> Recorded data:

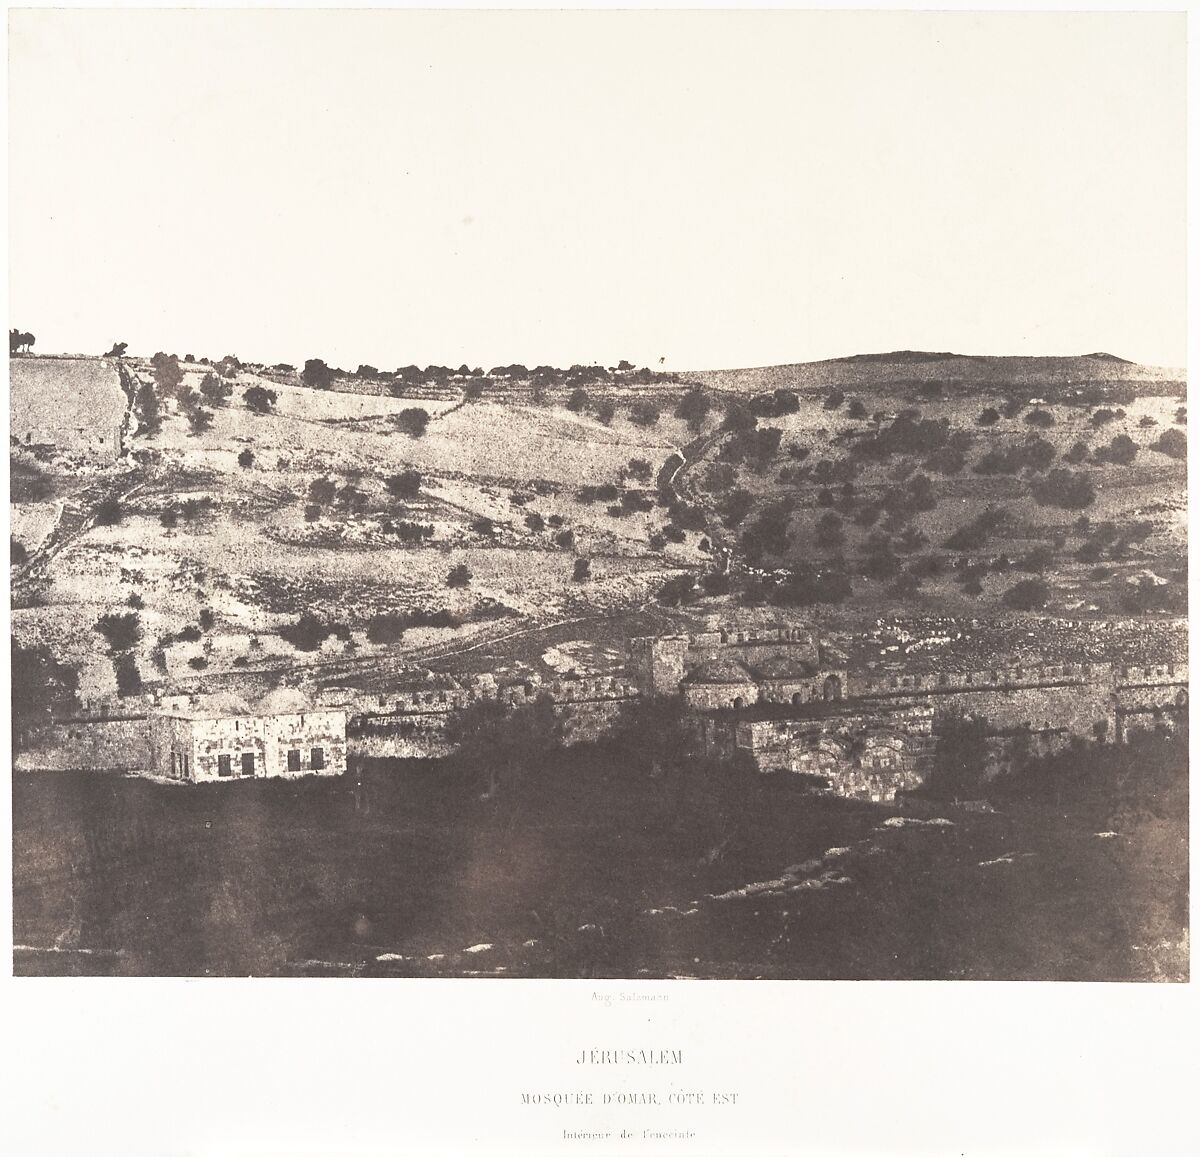 Jérusalem, Mosquée d'Omar, côté est, Intérieur de l'enceinte, 1, Auguste Salzmann (French, 1824–1872), Salted paper print from paper negative 
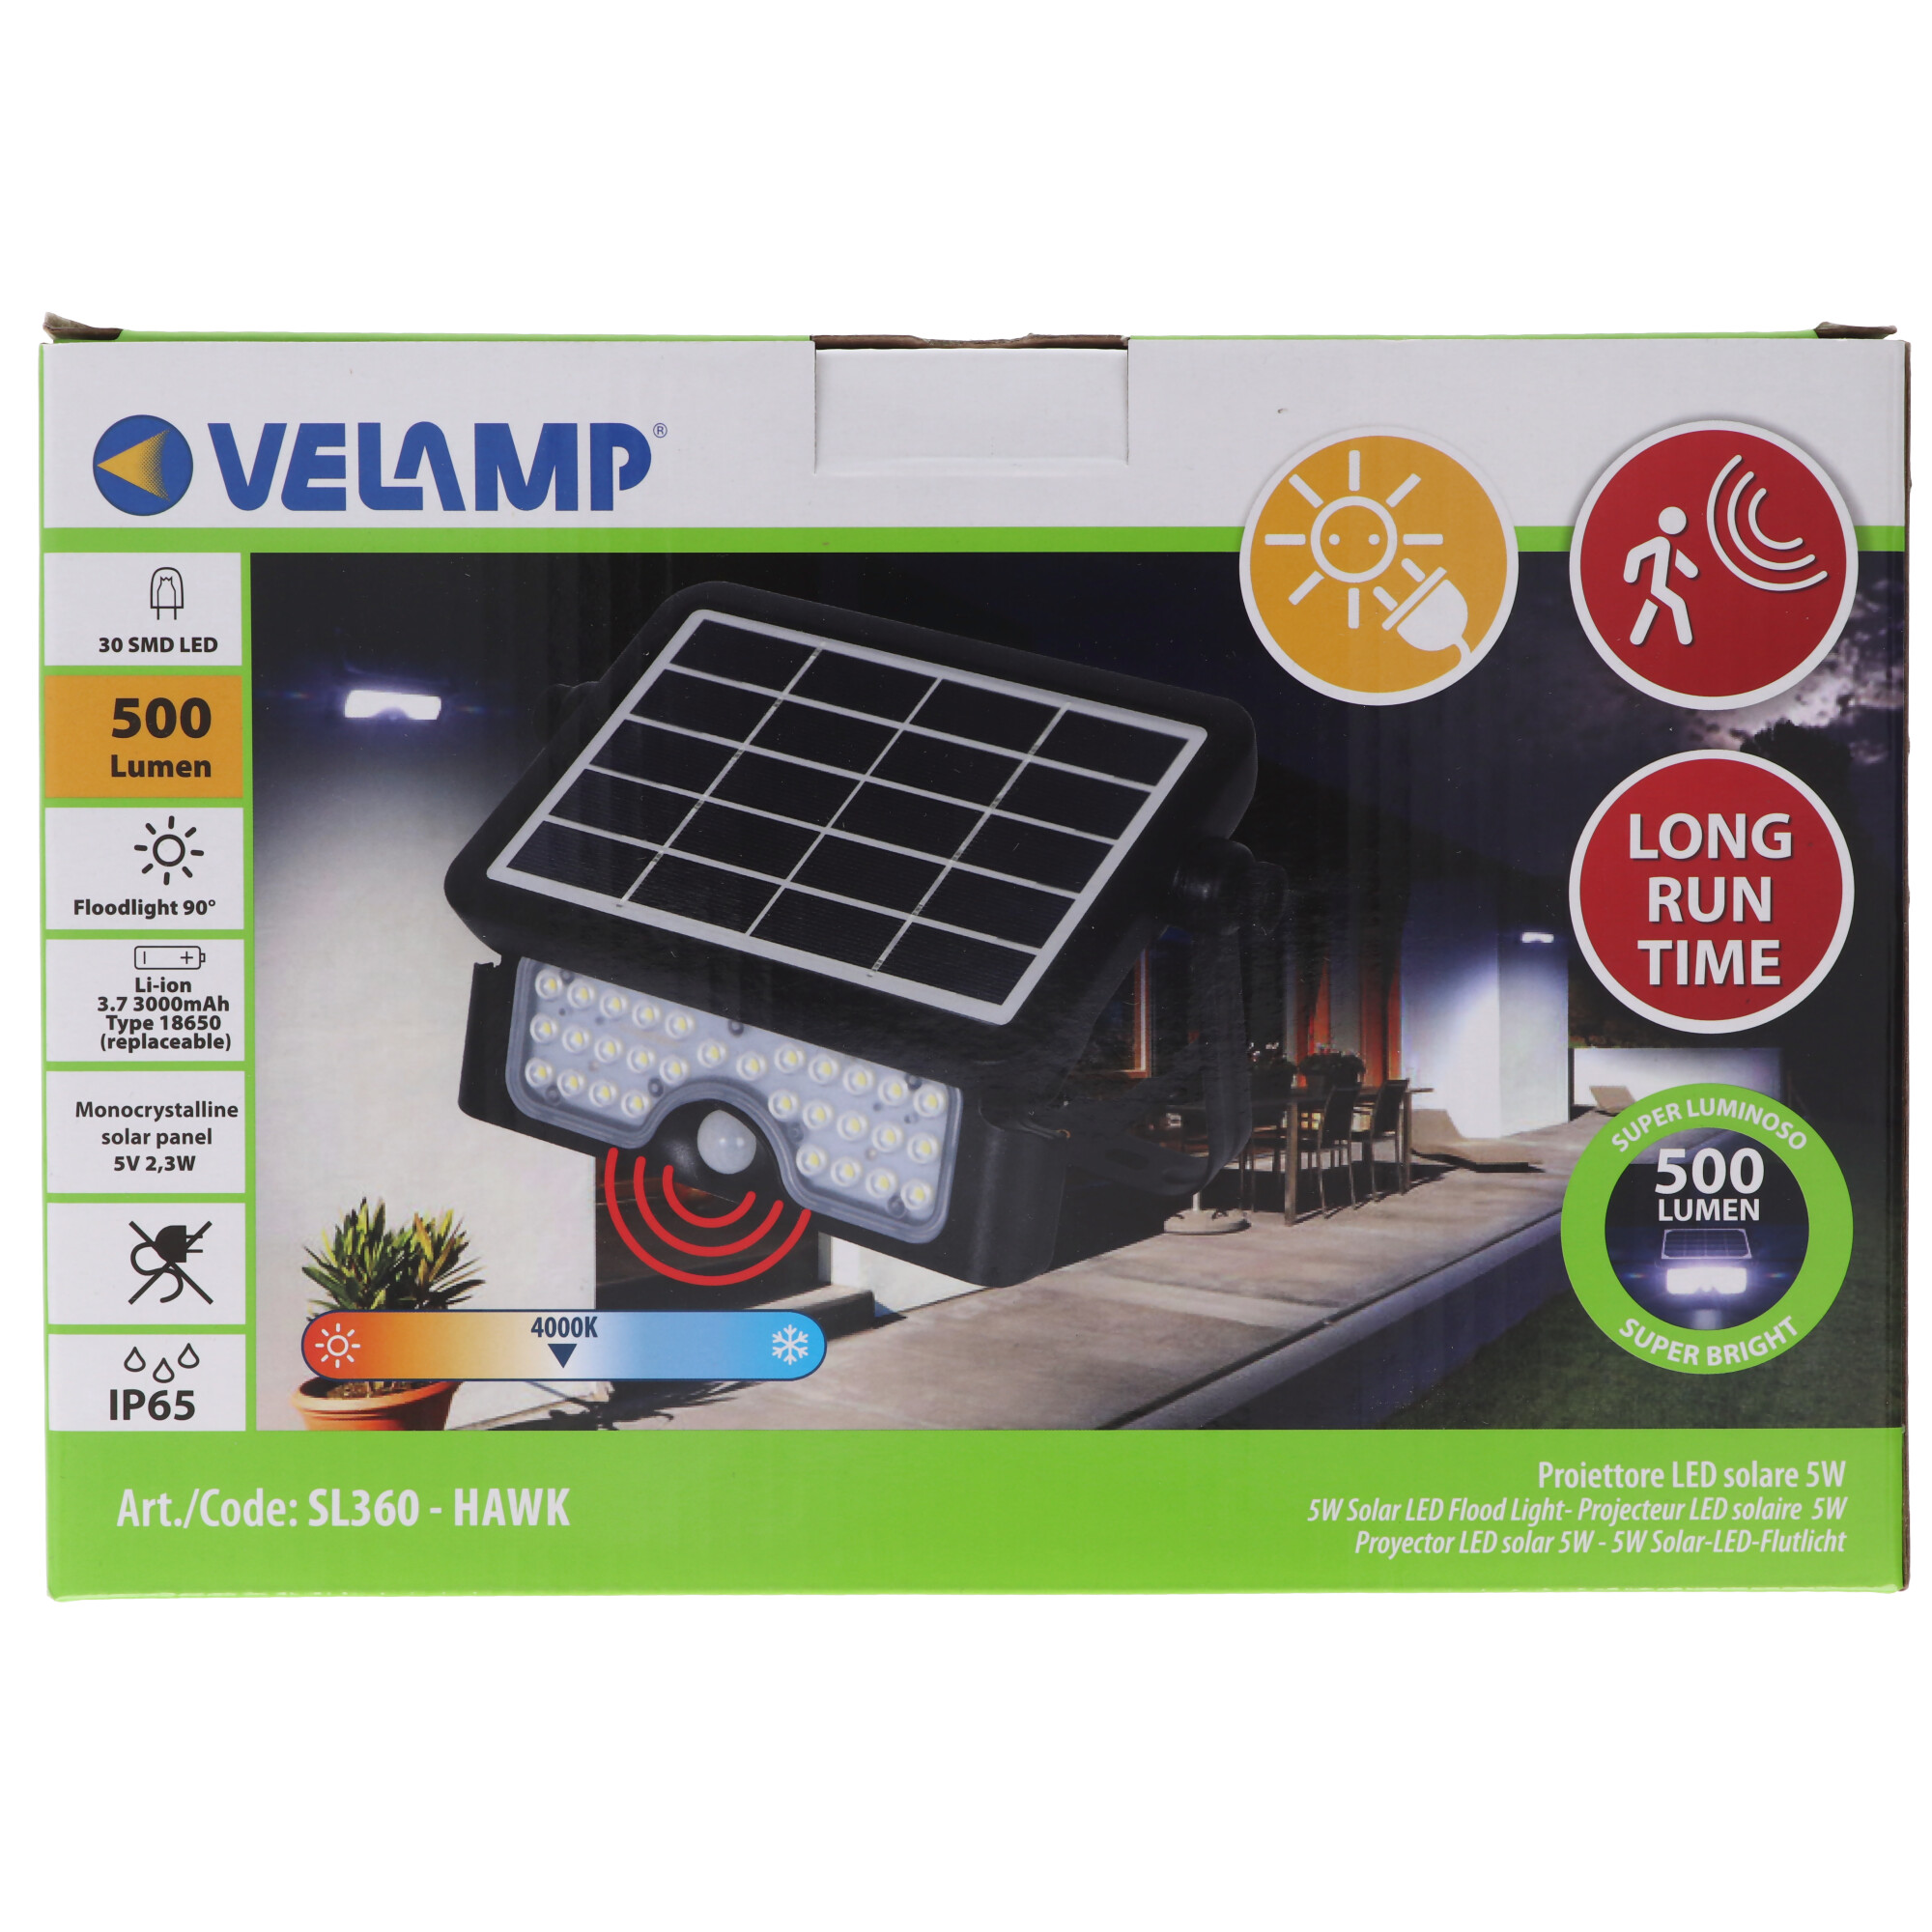 Velamp HAWK: LED-Projektor mit Solarladung 500 Lumen, ausrichtbar. Mit Bewegungsmelder
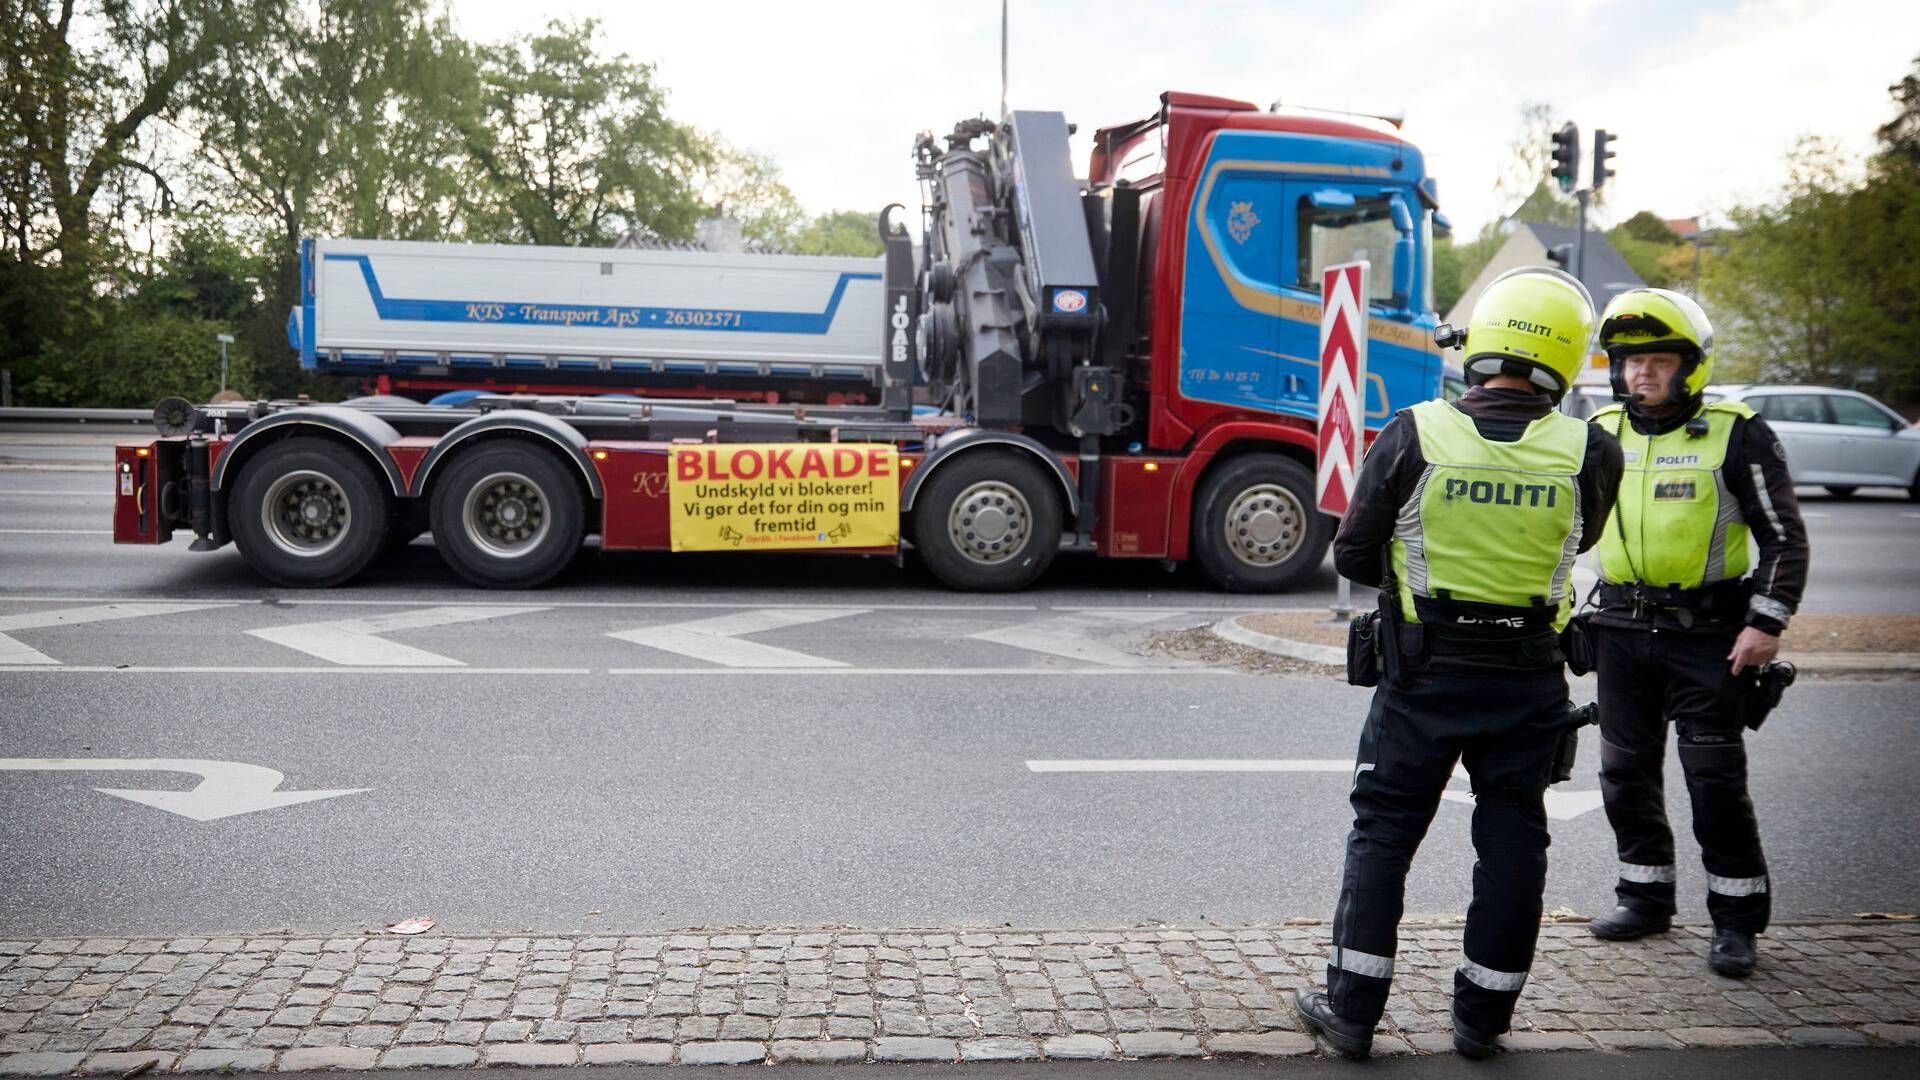 Politiet uddelte i forbindelse med lastbilblokaden bøder til chauffører på 2500 kr., hvis de standsede eller generede trafikken. | Foto: Jens Dresling/Ritzau Scanpix

> Activity:
The range to transcribe runs from the line holding "Velamp HAWK: LED-Projektor" through the final line of the data above; copy it exactly and exclude the pictures.

> Result:
 Velamp HAWK: LED-Projektor mit Solarladung 500 Lumen, ausrichtbar. Mit Bewegungsmelder
 Politiet uddelte i forbindelse med lastbilblokaden bøder til chauffører på 2500 kr., hvis de standsede eller generede trafikken. | Foto: Jens Dresling/Ritzau Scanpix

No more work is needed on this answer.